O esquadrão do Trono do Crepúsculo carecia de coesão; seus membros mantinham-se discretos, nenhum ansioso por assumir o protagonismo. Os Bárbaros do Submundo eram uma raça de gigantes musculosos em comparação aos terráqueos, mas pareciam pequenos perto dos nativos das Planícies de Lustra, que cultivavam a Lumyst da Vida.
Em contraste, os Guerreiros da Luz já haviam se dividido em duas fileiras de cinco. A retaguarda trocara suas lanças e espadas por arcos pesados, enquanto a linha de frente empunhava grandes escudos retangulares, formando uma barreira impenetrável.
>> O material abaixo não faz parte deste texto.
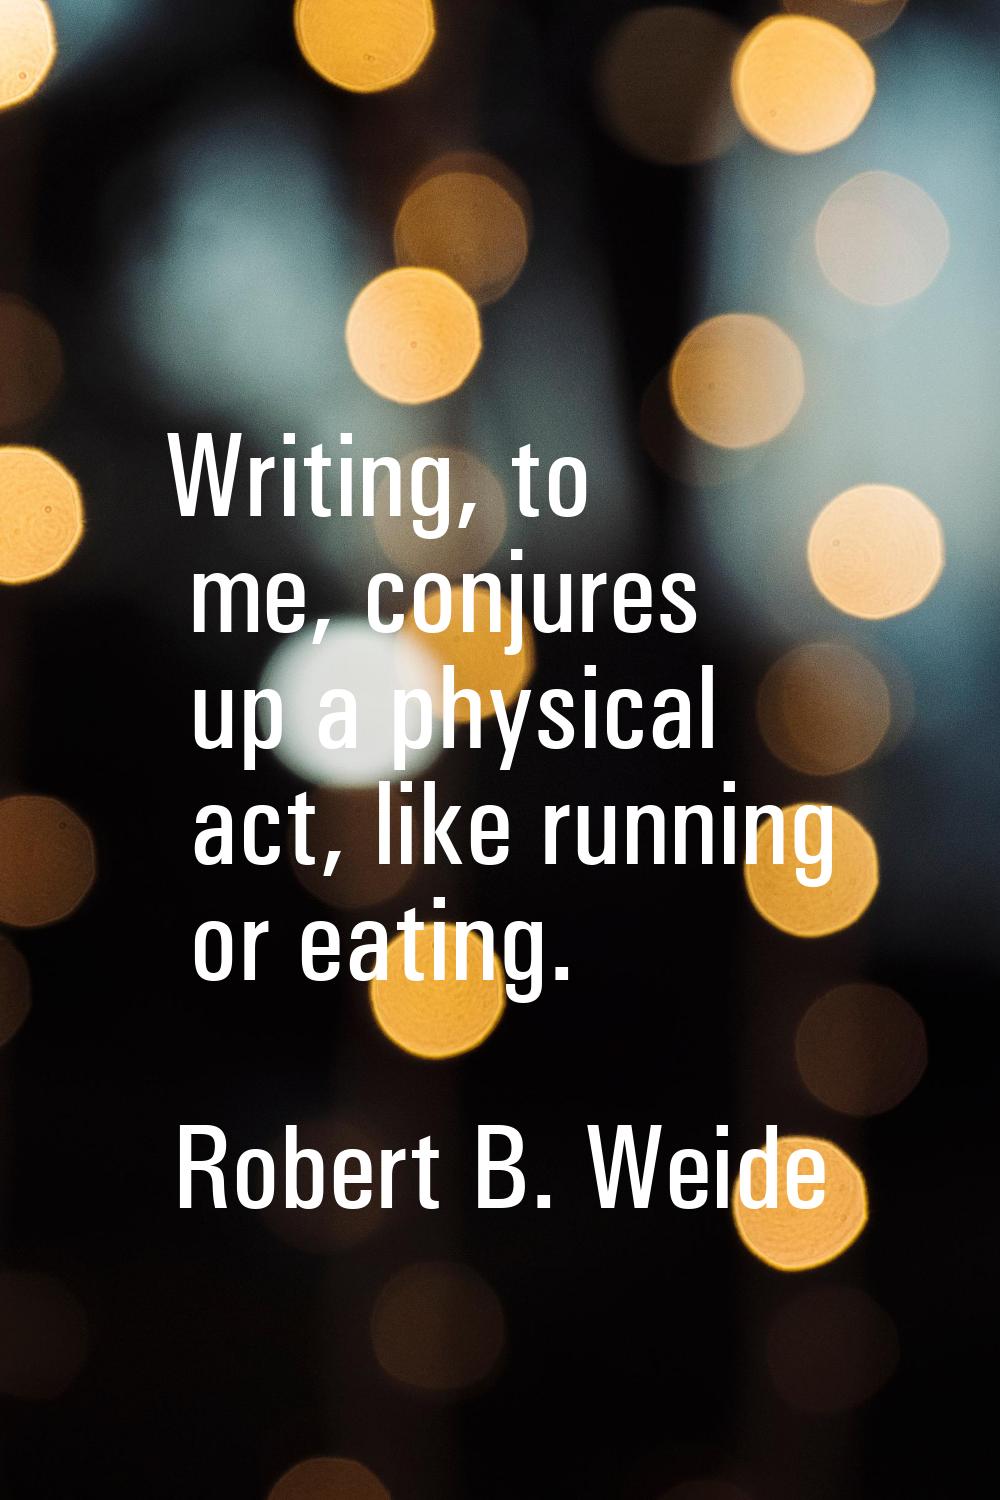 Writing, to me, conjures up a physical act, like running or eating.

Os espectadores de ambos os exércitos prenderam a respiração, com os olhos fixos, concentrados e esperançosos, em seus campeões — mesmo que estes fossem mais fracos do que eles próprios. O tempo que os dois grupos de recrutas levaram para percorrer os três quilômetros que os separavam fez a espera parecer interminável.
Finalmente, no momento em que os esquadrões ultrapassaram a fronteira invisível — uma distância equivalente a um campo de futebol — a ferocidade reprimida e a intenção assassina de ambos os lados explodiram, como jogar uma presa suculenta entre duas matilhas rivais de lobos.
Whoosh!
Os portadores de escudo agacharam-se, firmando-se no chão e fincando seus escudos com firmeza, enquanto os arqueiros atrás disparavam flechas com a potência máxima. Os Bárbaros do Submundo irromperam em uma corrida dispersa, avançando com gritos de guerra selvagens. Dois dos Saqueadores do Deus da Guerra retaliaram contra as flechas inimigas arremessando seus próprios machados, sem jamais interromper o avanço.
Apesar de serem fracos para recrutas, ainda assim eram superiores aos humanos comuns. Eles reduziram a distância em menos de um instante. Os projéteis atingiram seus alvos muito mais rapidamente.
Dois Guerreiros Saqueadores receberam flechas inimigas de frente, desviando por pouco para serem atingidos na clavícula em vez do crânio. Eles não foram escolhidos aleatoriamente — eram os dois lutadores sem camisa. O impacto foi tão forte que foram arremessados para trás, ficando presos ao chão, sem ar e com a cabeça girando.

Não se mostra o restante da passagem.